The limited nature of the action plan hardly justifies the time and expense of involving so many senior public servants in producing it.

Reading accounts of the meetings of the Teacher Supply Steering Group, it is striking to see that while the cost of the professional master of education (PME) was identified as a major issue at the first meeting of the committee, over subsequent meetings, cost was replaced by nebulous concerns around access.

Even more extraordinary is the fact that there is no record of any discussion taking place regarding the two principal causes of the teacher supply crisis: the two-tier pay scale and casualisation of the profession.

It is also significant that in the eight months leading up to the publication of the action plan (November 2018), there were five meetings of the teacher supply group.

A further eight months have passed since then during which there have only been two meetings of the steering group.

Problem not solved

All of this suggests that the authorities think the problem is solved when clearly this is not the case.

Anyone with even a passing knowledge of the complexities of school timetabling knows that the announcement in February 2019 that schools will be allowed share teachers in priority subjects will have little impact and will be almost impossible to realise.

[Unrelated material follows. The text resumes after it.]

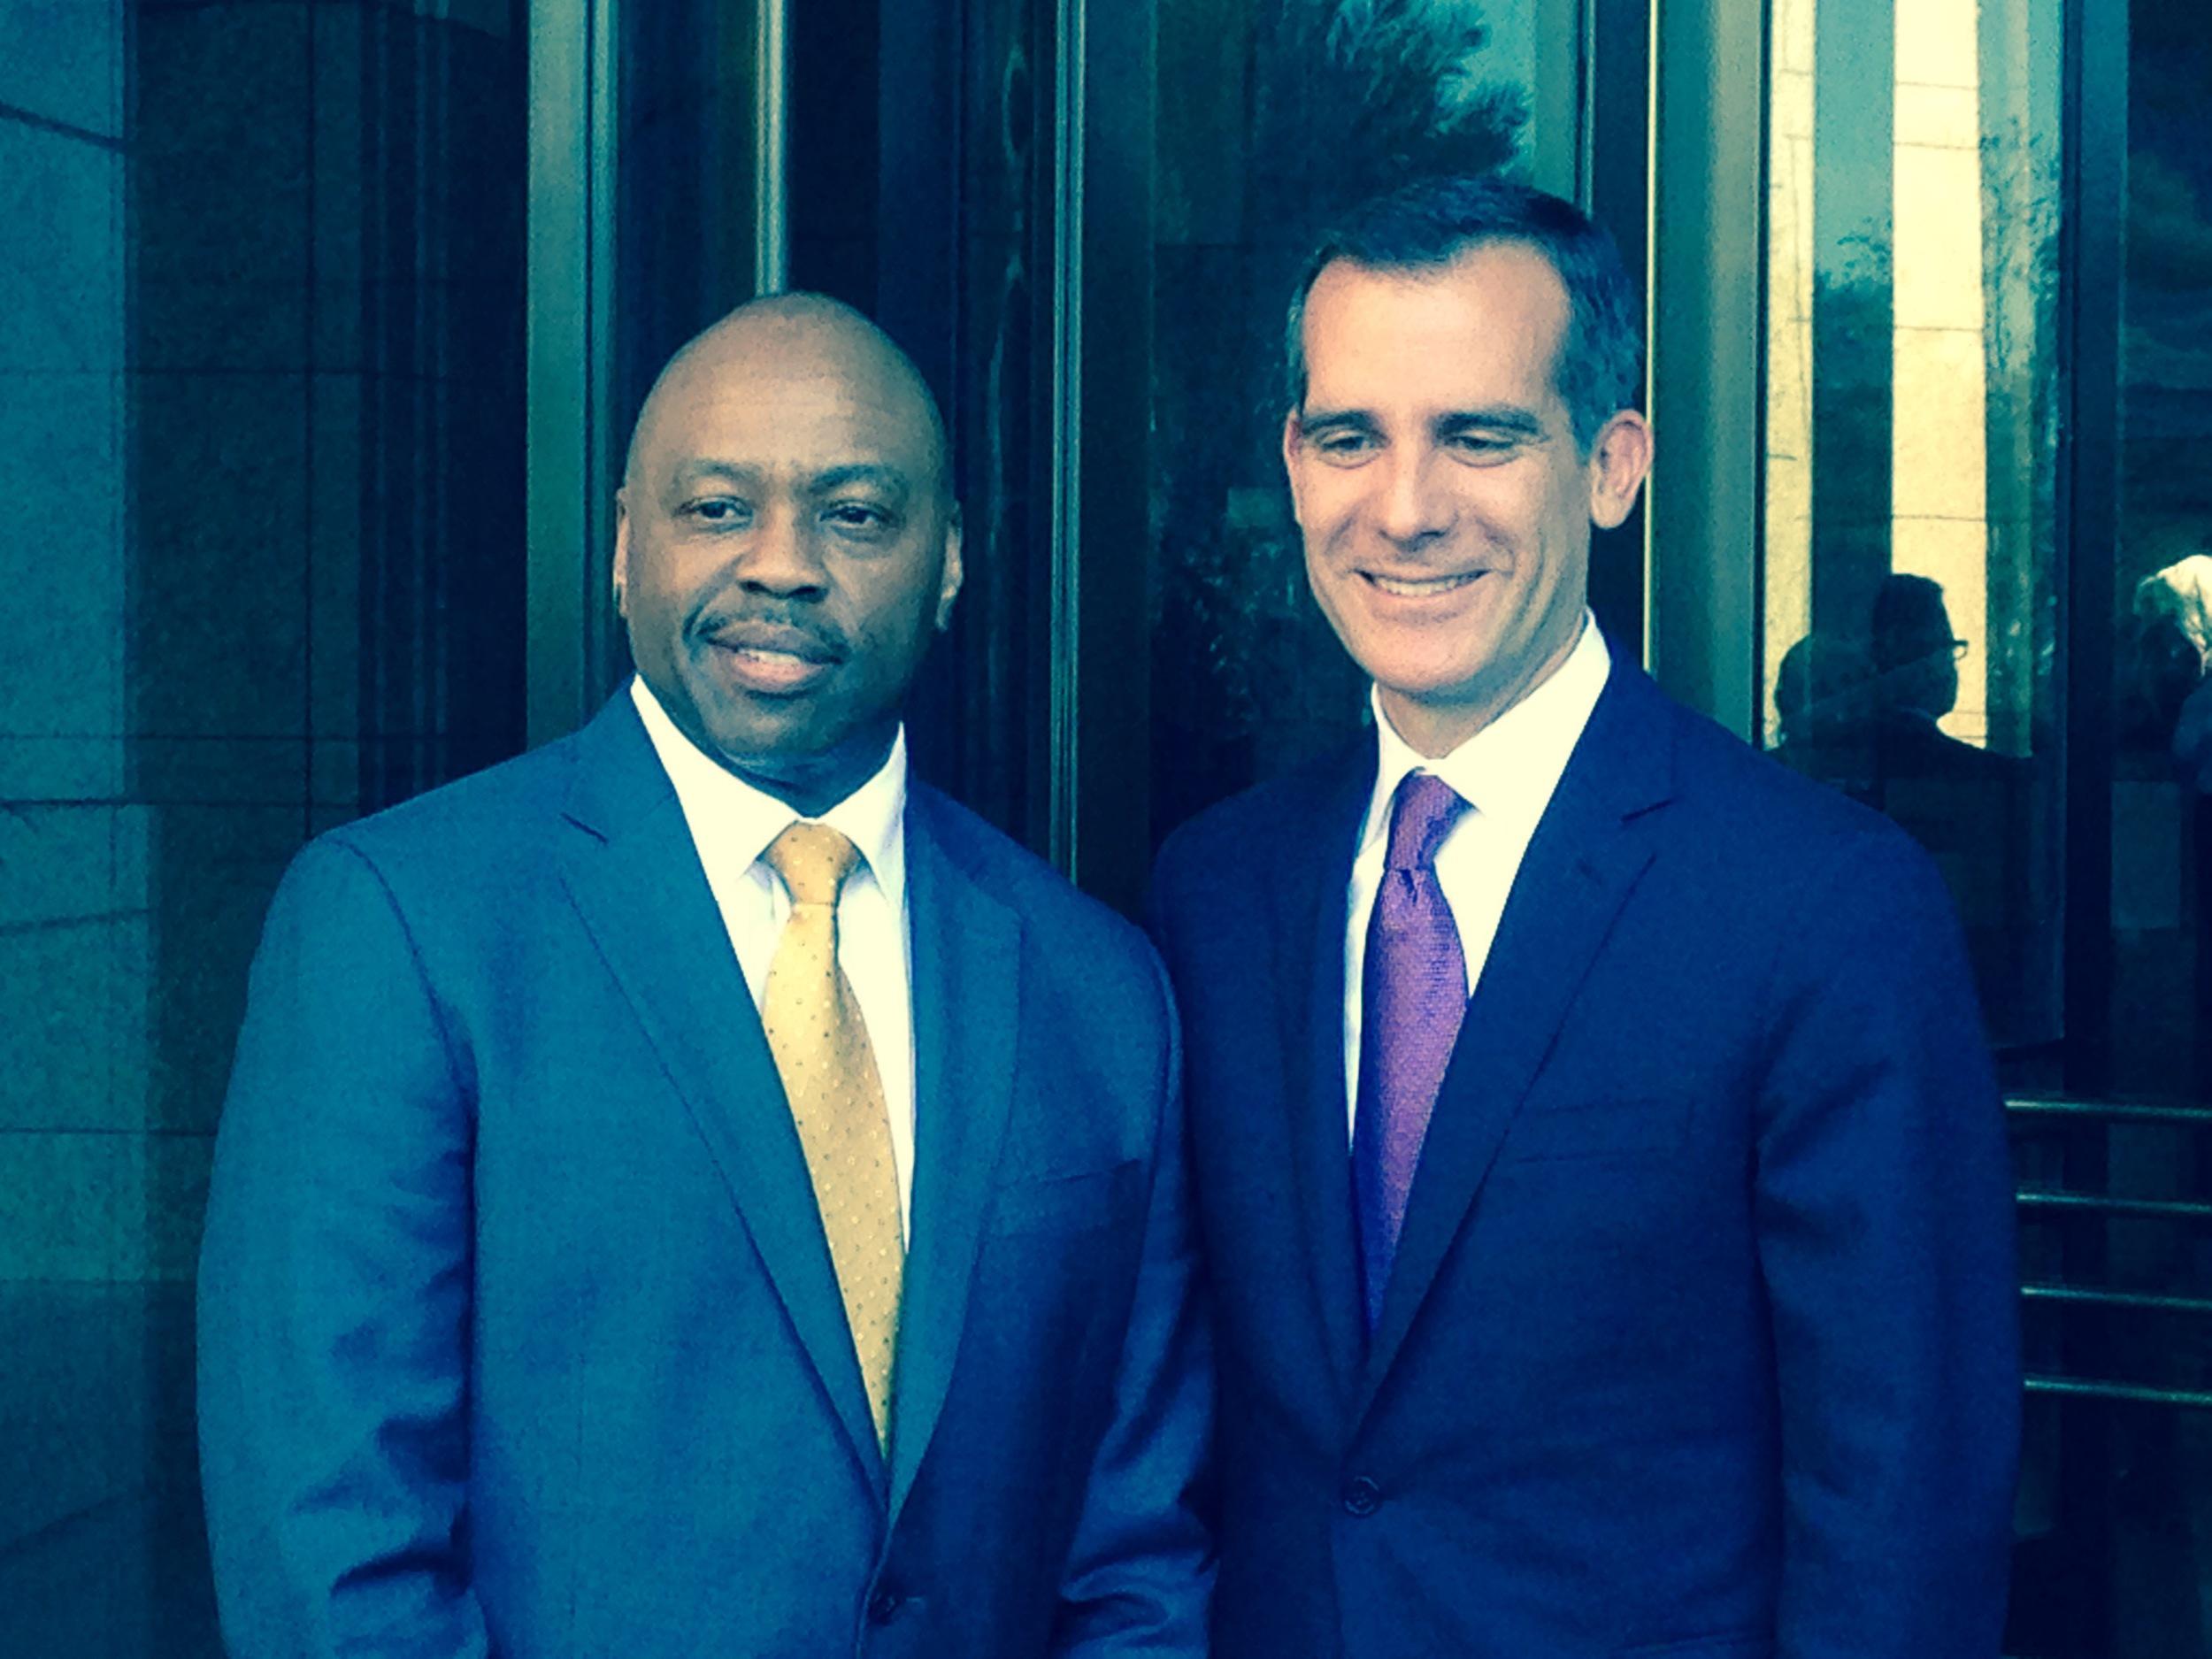 Phil Washington and Mayor Eric Garcetti pose for photos with the media.

It is of fundamental importance that our pupils are taught by teachers who are fully qualified in whatever subject they are requested to teach. To bring that about the current severe shortage of suitable applicants for various positions needs to be immediately addressed.

In these columns a year ago we suggested a number of decisive steps which we believed were needed.

Once again, we reiterate these key strategies as fundamental to addressing the ongoing teacher supply crisis:

* The common basic salary scale must be restored as an essential first step;

* Boards of management and ETBs (Education and Training Boards) should be instructed to fill posts in a permanent wholetime capacity where the needs of the students, curricular requirements and enrolment in the school justify such appointments;

* Exchequer funding should be made available to higher education institutions to grant a waiver of fees for year two PME students. This provision should apply for the next three years across all subject areas;

The urgency in implementing these strategies cannot be over-estimated.

Professor Judith Harford is Professor of Education and Vice Principal for Equality, Diversity and Inclusion and Dr Brian Fleming is a post-doctoral researcher at the School of Education UCD.